More than a half dozen of the converted Chevrolet Bolt EV hatchbacks ended up huddled together at the intersection of Gough and Fulton Streets in the California city. Photos of the driverless congestion promptly cropped up on the San Francisco sub-Reddit and on Twitter.

"We had an issue earlier this week that caused some of our vehicles to cluster together," a Cruise spokesperson told TechCrunch of the incident. "While it was resolved and no passengers were impacted, we apologize to anyone who was inconvenienced."

According to Cruise, while it was able to guide the cars remotely, actually clearing the street did require some human intervention on-site. That process could end up getting trickier still, should more robotaxi rescue be called upon, as Cruise plans to ditch the steering wheel and other physical controls in its autonomous cars.

Cruise wants a million AVs on the road by 2030

In fact, that's a key selling point of the Cruise Origin, the custom robotaxi design that it revealed at the start of 2020. Built for Cruise by key investor General Motors atop the same Ultium electric platform that the GMC Hummer EV and Cadillac Lyriq use, the pod-like AV has dual sets of sliding doors — one on each side — and can drive forward or backward depending on which direction is most convenient. Passengers will be able to summon the vehicle with a smartphone app, and when inside can control and monitor their journey through integrated touchscreens.

The goal, Cruise has said, is to have a million autonomous vehicles on the road by 2030. That's ambitious, but being the first company in California to secure a Driverless Deployment Permit was an important first stage. While Cruise had been offering rides beforehand, often with a safety driver on board just in case the computers needed some assistance, it's now beginning to offer paid rides too.

This isn't Cruise's first run-in with the law

It's unclear what the repercussions for Cruise might be, though a potential $76-per-car fine for blocking a street sweeper trying to do its cleaning seems like only the start. Regulations for autonomous vehicles have focused, understandably, on safety: both for those onboard, and everyone else around the car. However, there are some issues that even advanced sensors apparently can't entirely be prepared for.

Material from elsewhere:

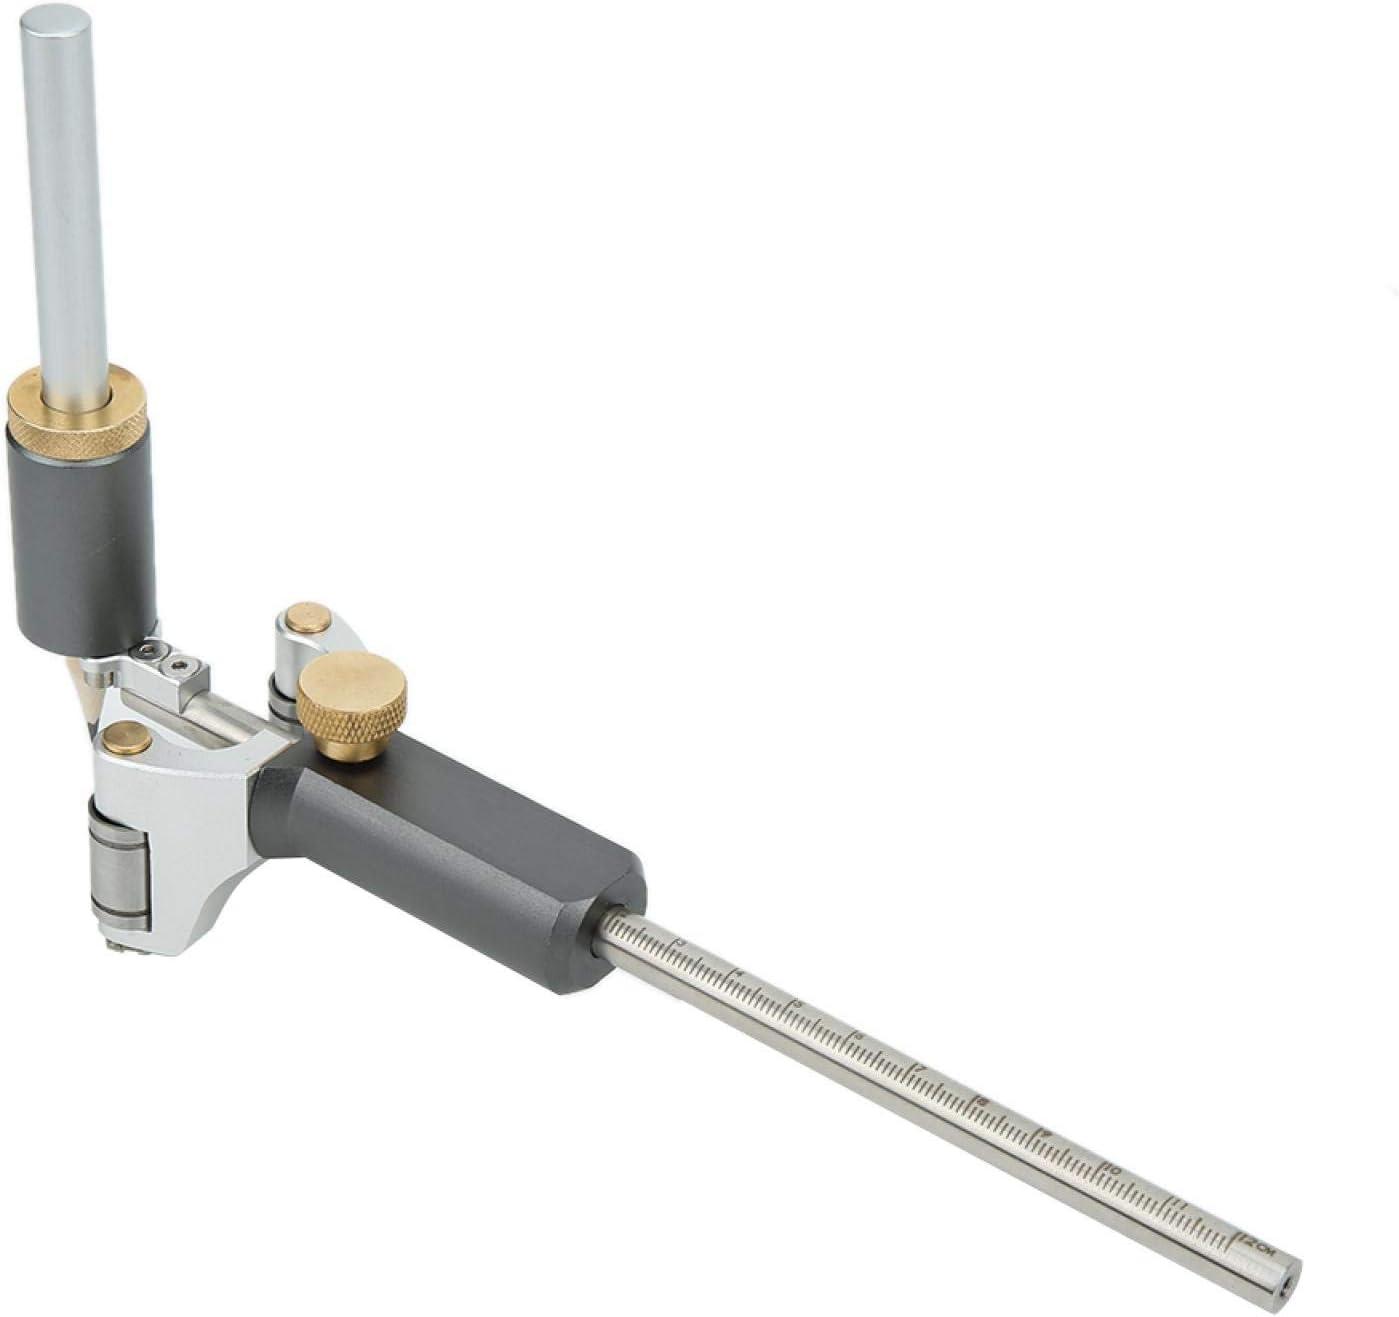 Marking Gauge, Line Maker Measuring Tools, Multi‑Function A

Back in April 2022, for example, one of Cruise's vehicles was pulled over by the San Francisco Police Department after being spotted driving around with its lights off. A visibly-confused police officer approached the car, only to discover that there was no driver at the wheel.

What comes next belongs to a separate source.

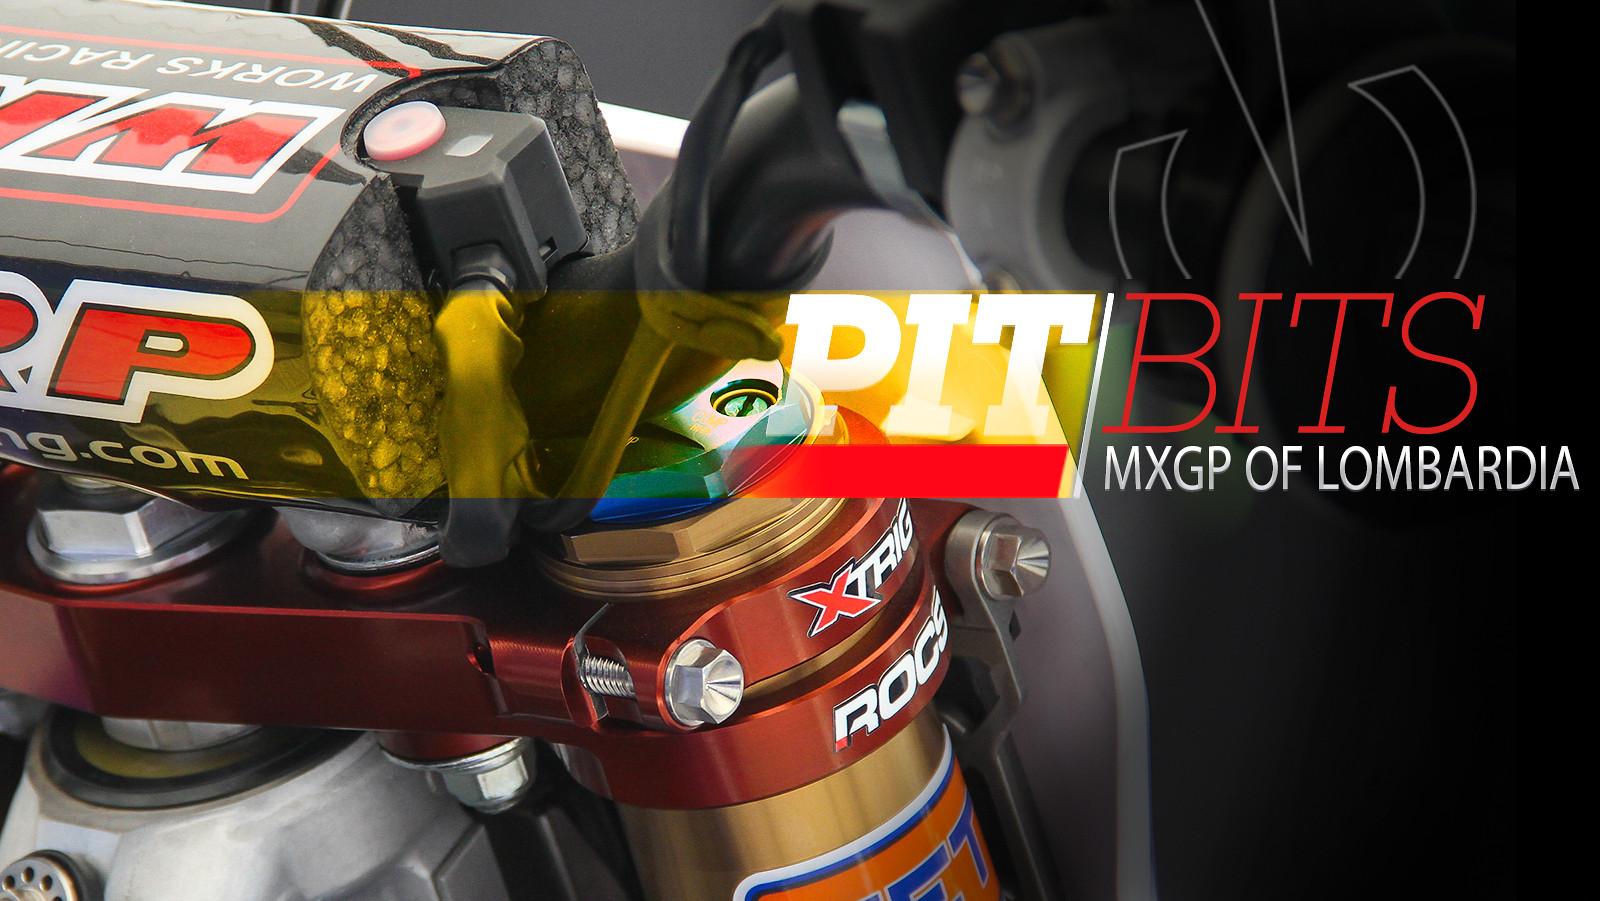 2017 MXGP of Lombardia - Vital MX Pit Bits - ayearinmx - Motocross Pictures - Vital MX

Things escalated when the autonomous Bolt EV then drove forward, apparently trying to evade the officer. Cruise later explained that the location it had initially stopped at was deemed unsafe by the self-driving systems, so it moved to "the nearest safe location, as intended."

Safe roads require chattier robotaxis

Figuring out what, exactly, is "intended" and communicating that to other road users may end up being one of the biggest challenges as driverless cars attempt to merge with human-operated vehicles. Origin, the custom-designed AV, has sizable displays on its outer corners, which can be used to not only show numbers to identify the robotaxi to its latest customer but to communicate with other road users too. Other AV projects, however, have gone even further.

Mercedes' F 015 concept, for example, was emblazoned with animated light displays front and rear. The 2015 autonomous teaser could even project a virtual sidewalk or other graphics onto the road, giving pedestrians the go-ahead that it was safe to cross and that the driverless vehicle had spotted their presence. Two years later, Toyota gave its cutesy self-driving pod animated eyes, to reassure those around it that the computers weren't about to go "Mad Max" on them.

In the background, of course, technologies like vehicle-to-vehicle (V2V) and vehicle-to-infrastructure (V2I) will do the heavy lifting. That'll allow cars to intercommunicate with each other and the city around them, effectively giving them an awareness of the driving environment beyond the range of their own sensors.

The cause of the robo-gridlock is still a mystery

That's all very promising, but it's clear that something got Cruise's current fleet snarled up, and — so far, at least — the multi-billion-dollar company isn't saying what it was. One possible culprit is that, like with other autonomous vehicle projects, Cruise relies on a crowdsourced map that evolves dynamically as each car feeds back the discoveries of its 40+ sensors.

Right now that means more than two million collective miles of data, Cruise boasts, with even new additions to the fleet benefiting from their predecessors' learnings. However, just like Google Maps or Apple Maps can sometimes end up directing you — and everyone else — right into a traffic jam, it's possible that Cruise's algorithms ended up navigating this cluster of cars into the same street, whereupon some glitch left them stranded. Bad news for Cruise, but at least stationary AVs can't be accused of knocking pedestrians down.